Task statement =
Repeat exactly what runs from the line containing "Norev dodge viper" through the last line of the material below. Do not copy the pictures.

Data block =
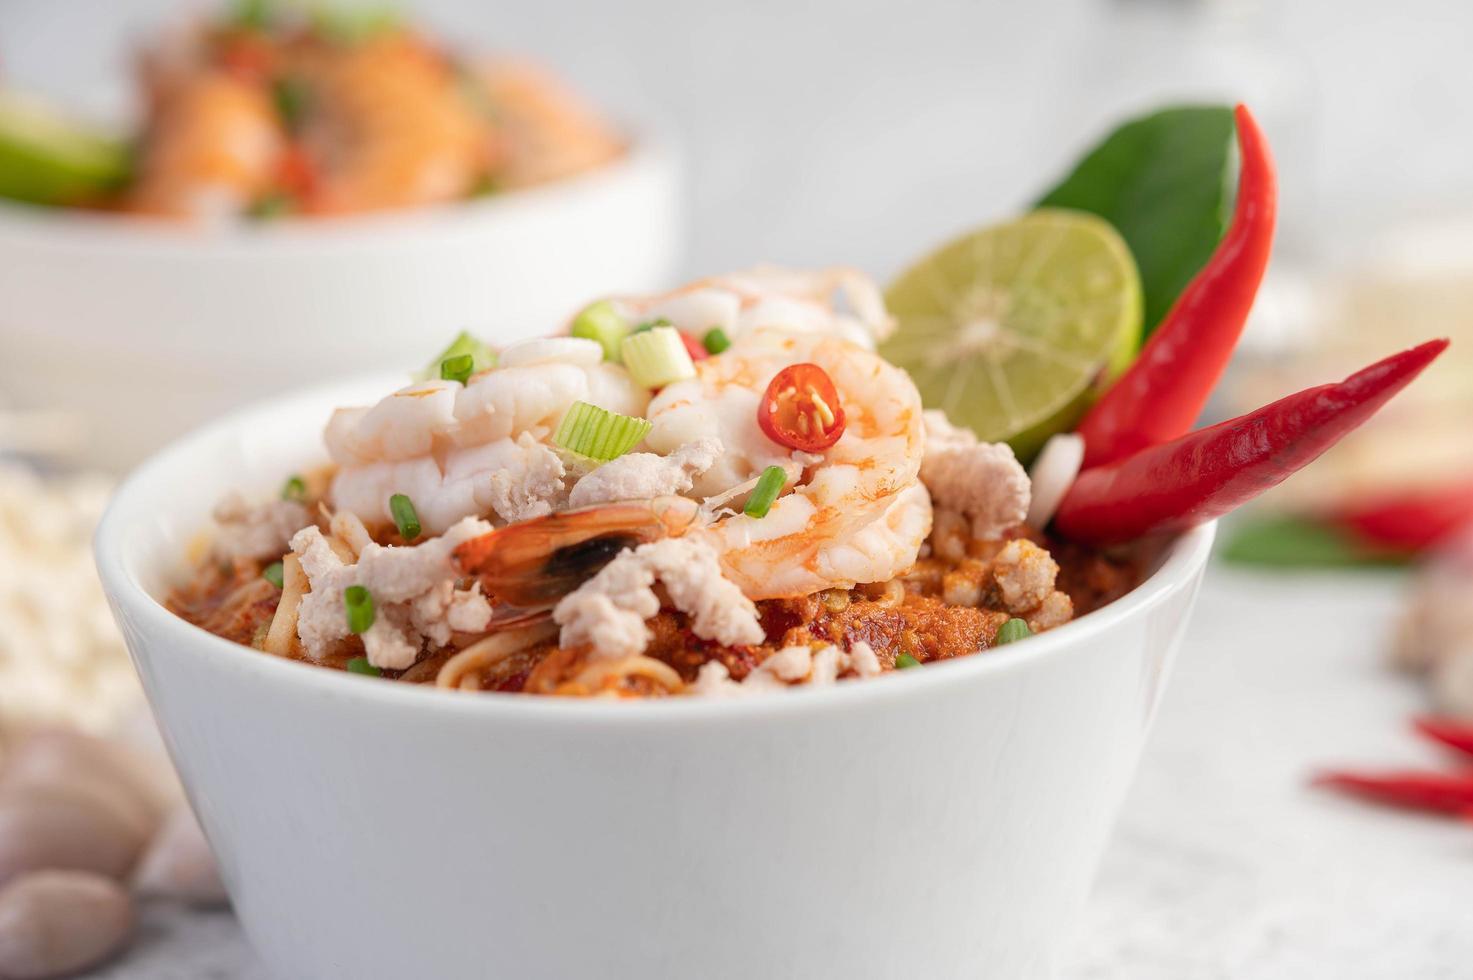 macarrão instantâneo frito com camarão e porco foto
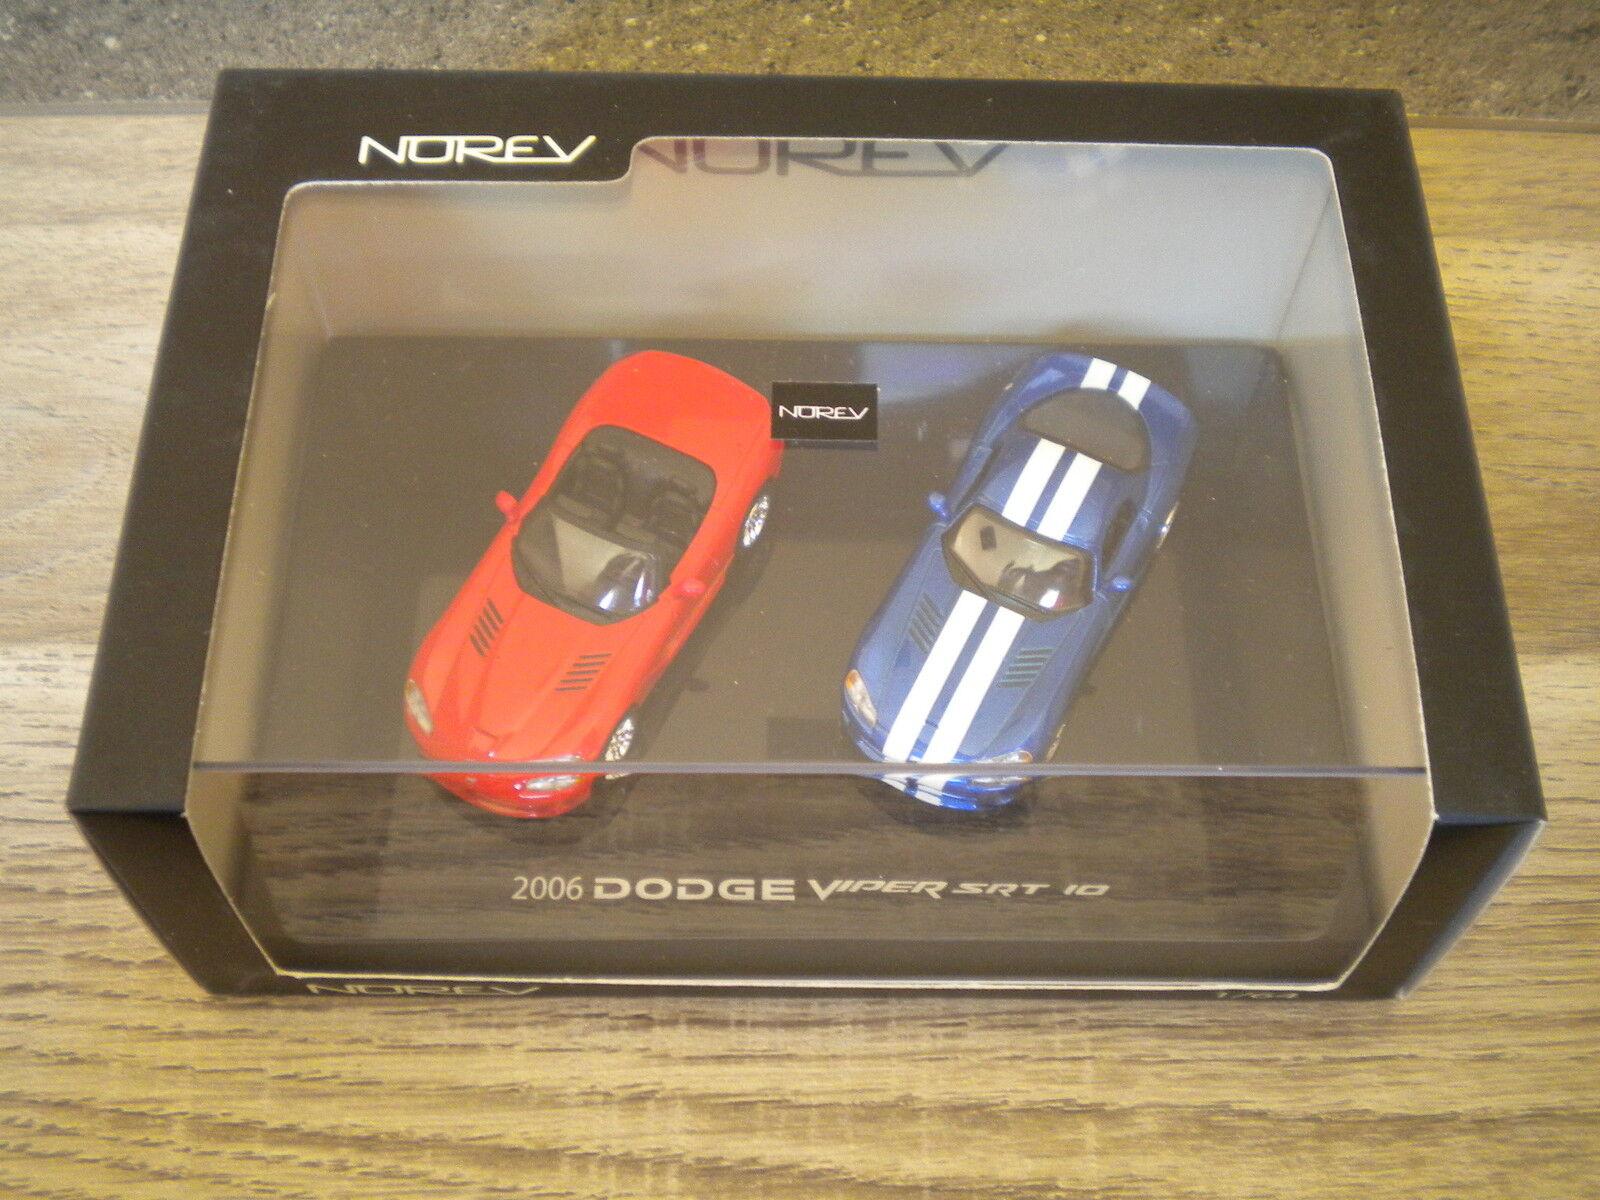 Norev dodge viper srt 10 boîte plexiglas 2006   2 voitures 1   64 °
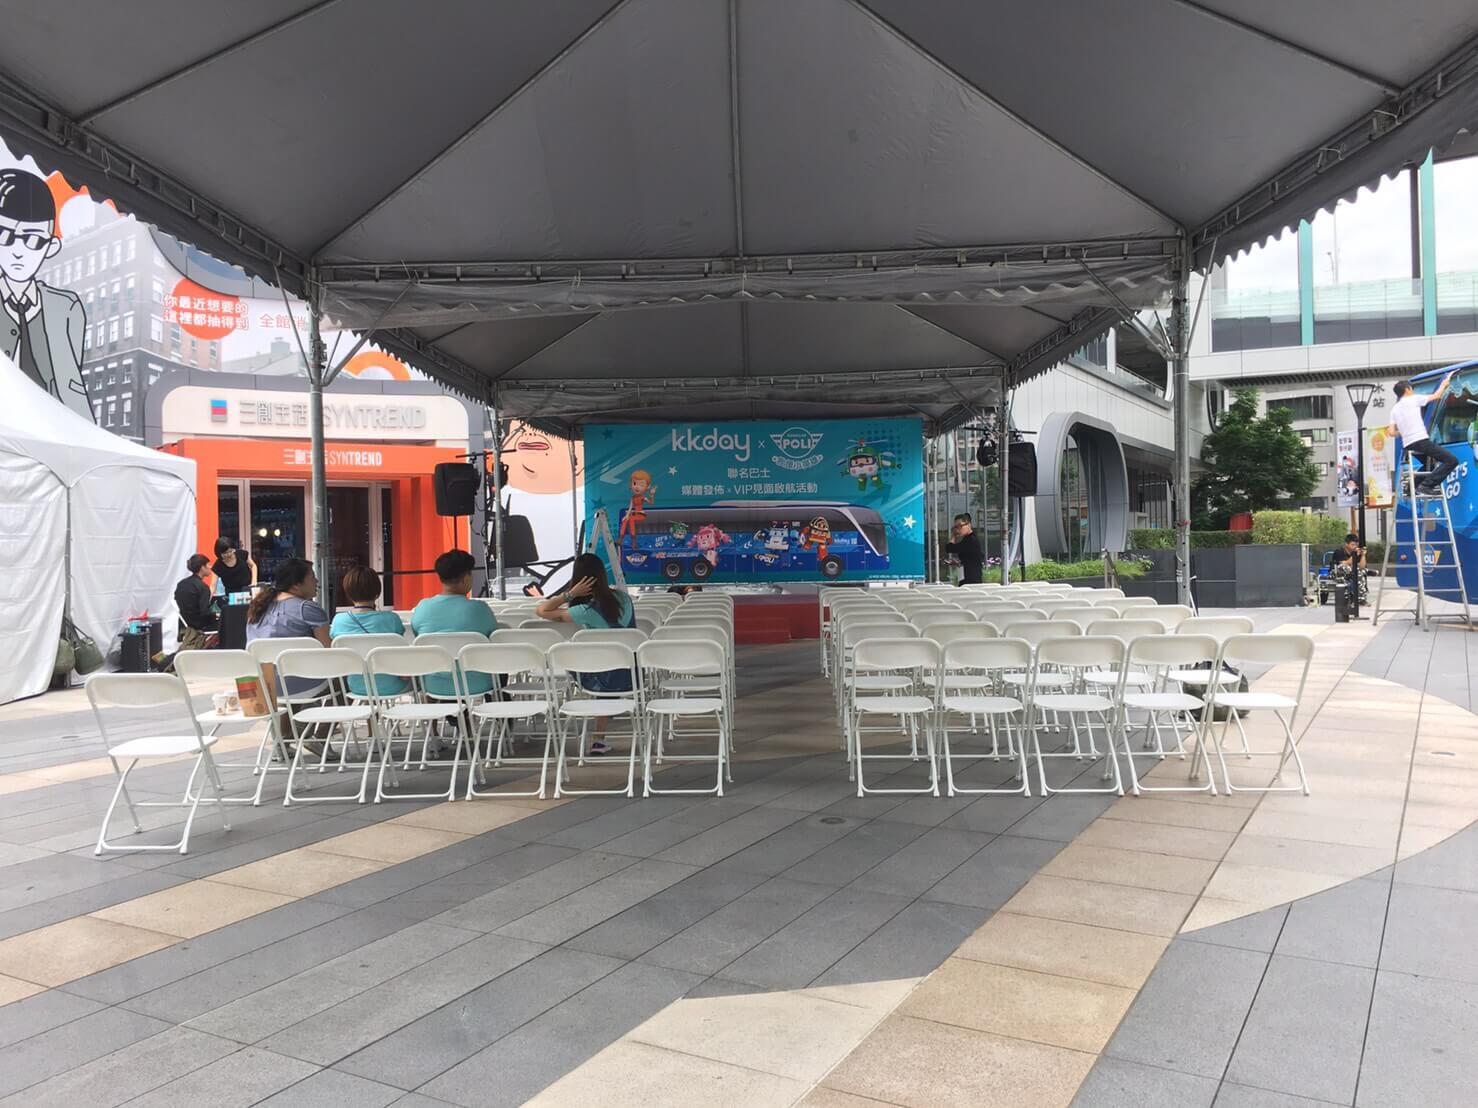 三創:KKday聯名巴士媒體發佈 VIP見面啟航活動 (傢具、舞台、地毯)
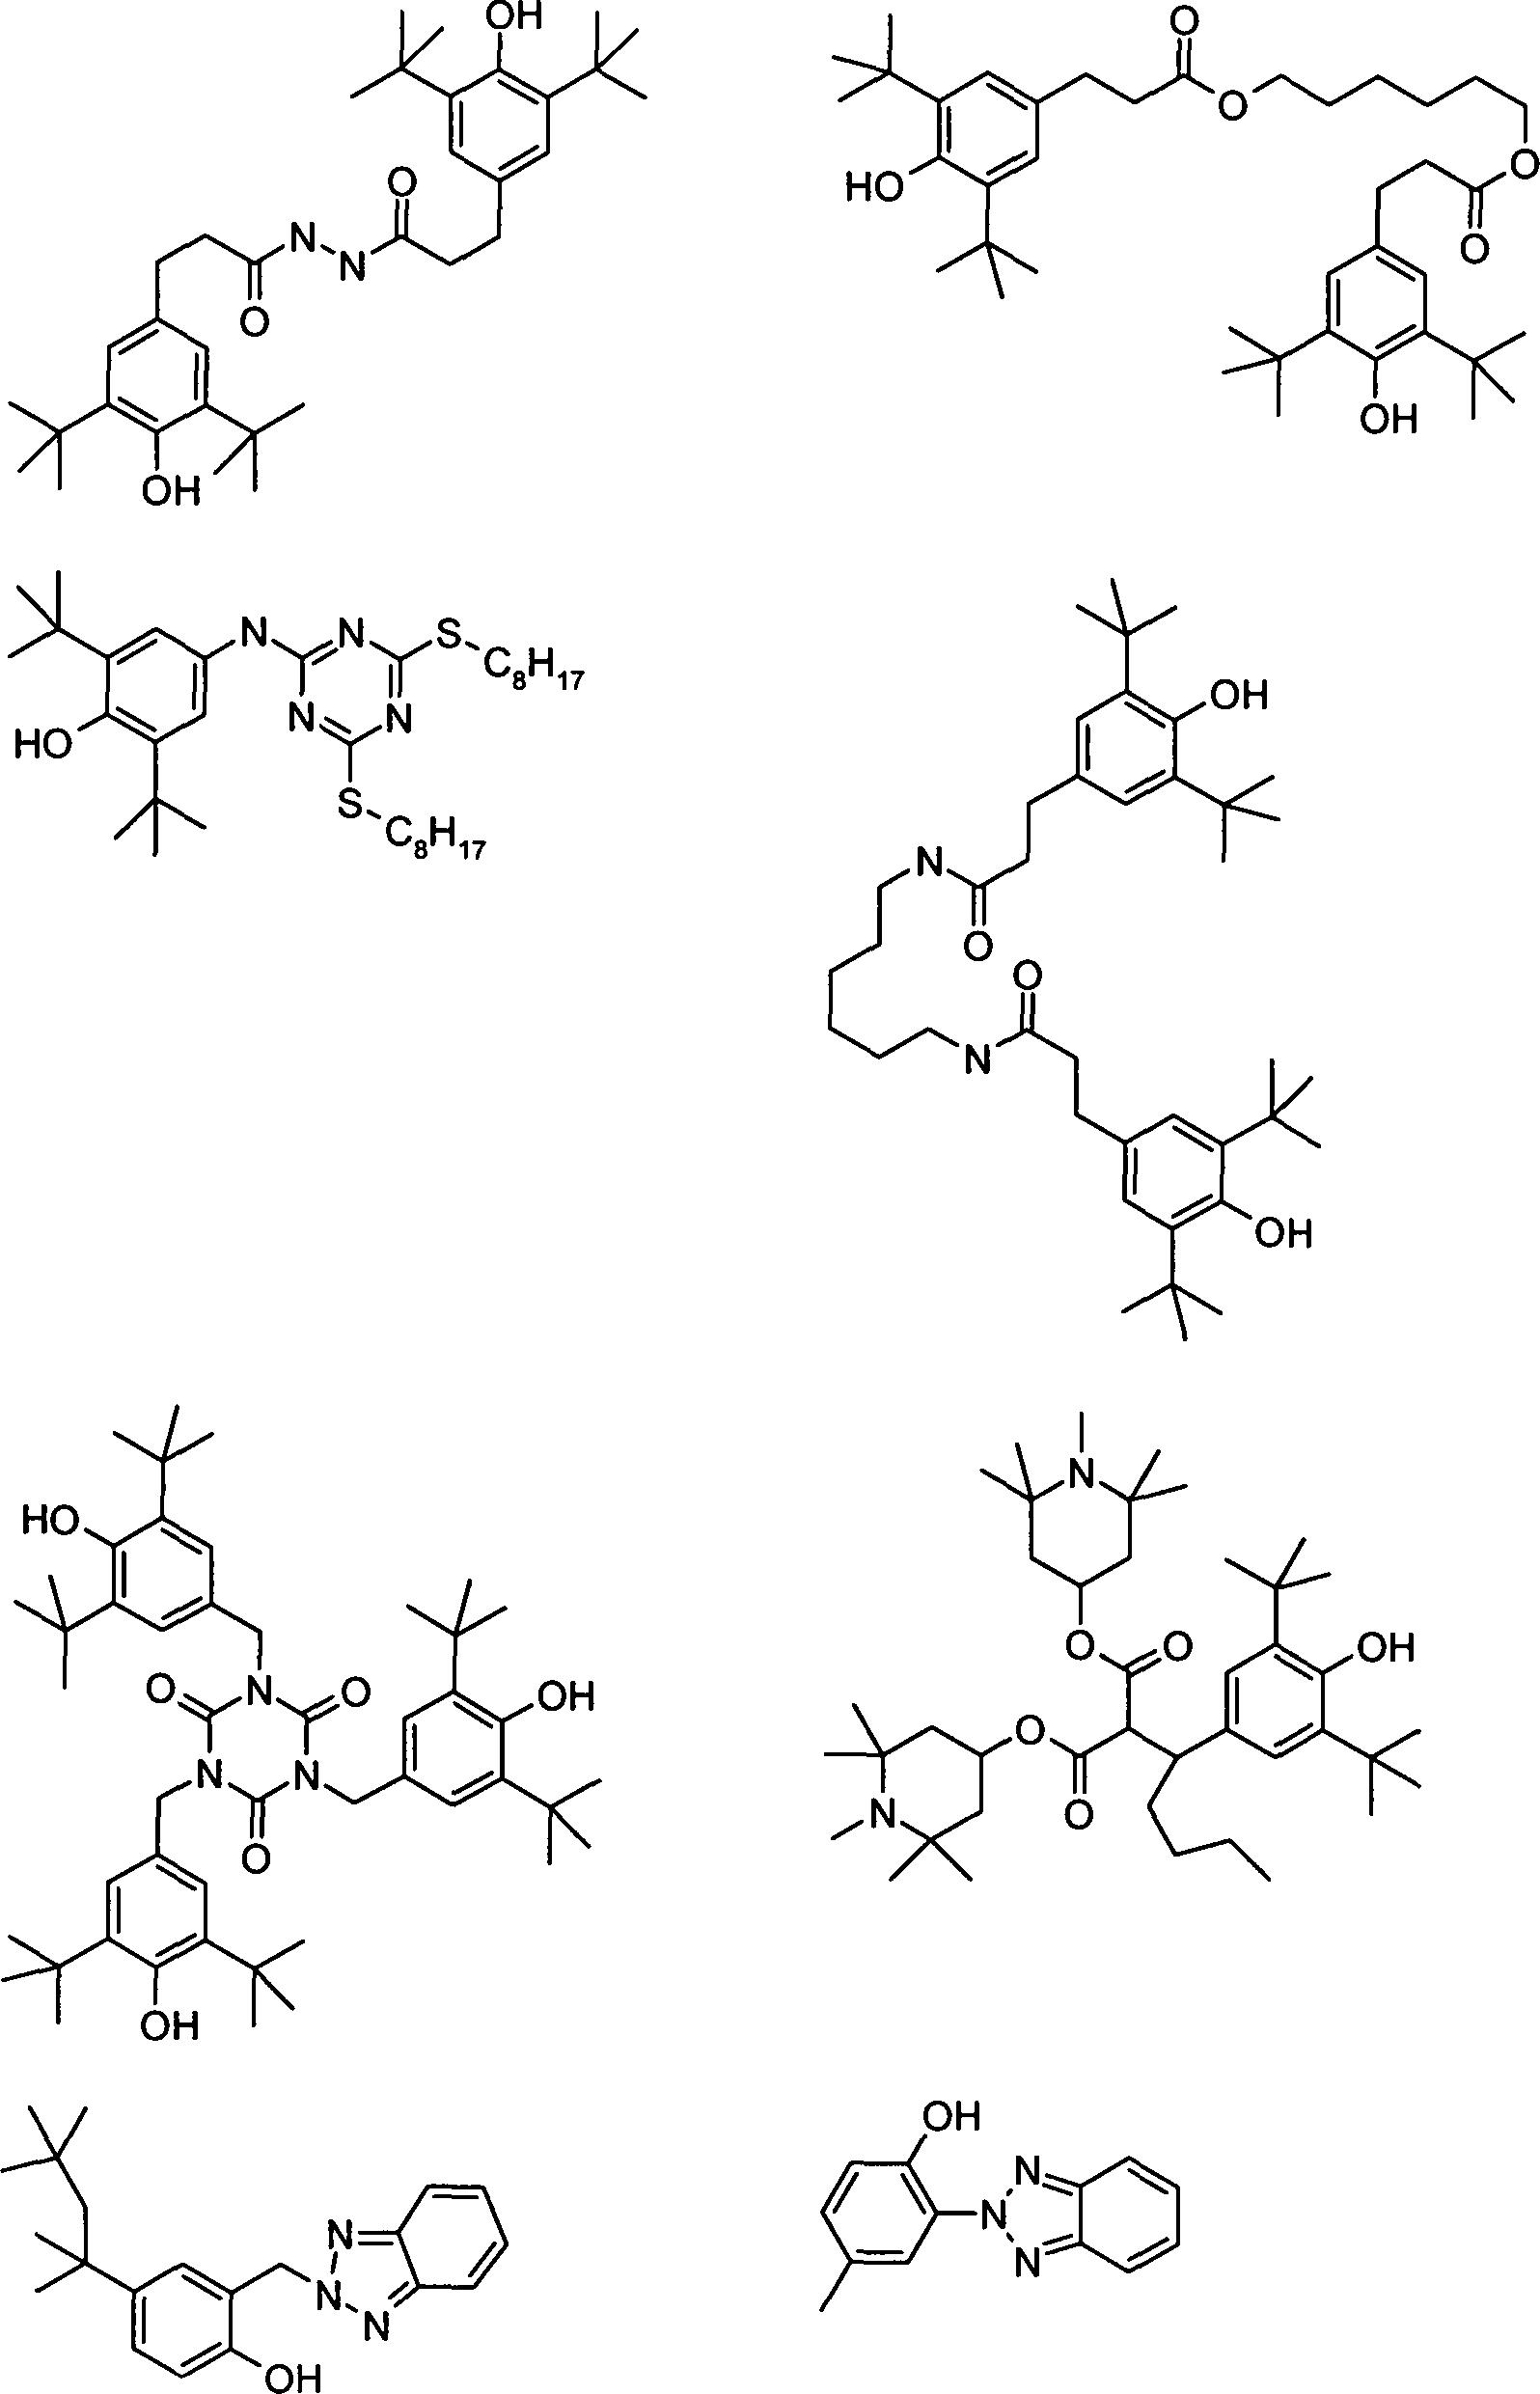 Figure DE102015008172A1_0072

Output of the exercise =
 Norev dodge viper srt 10 boîte plexiglas 2006   2 voitures 1   64 °
 三創:KKday聯名巴士媒體發佈 VIP見面啟航活動 (傢具、舞台、地毯)
 Figure DE102015008172A1_0072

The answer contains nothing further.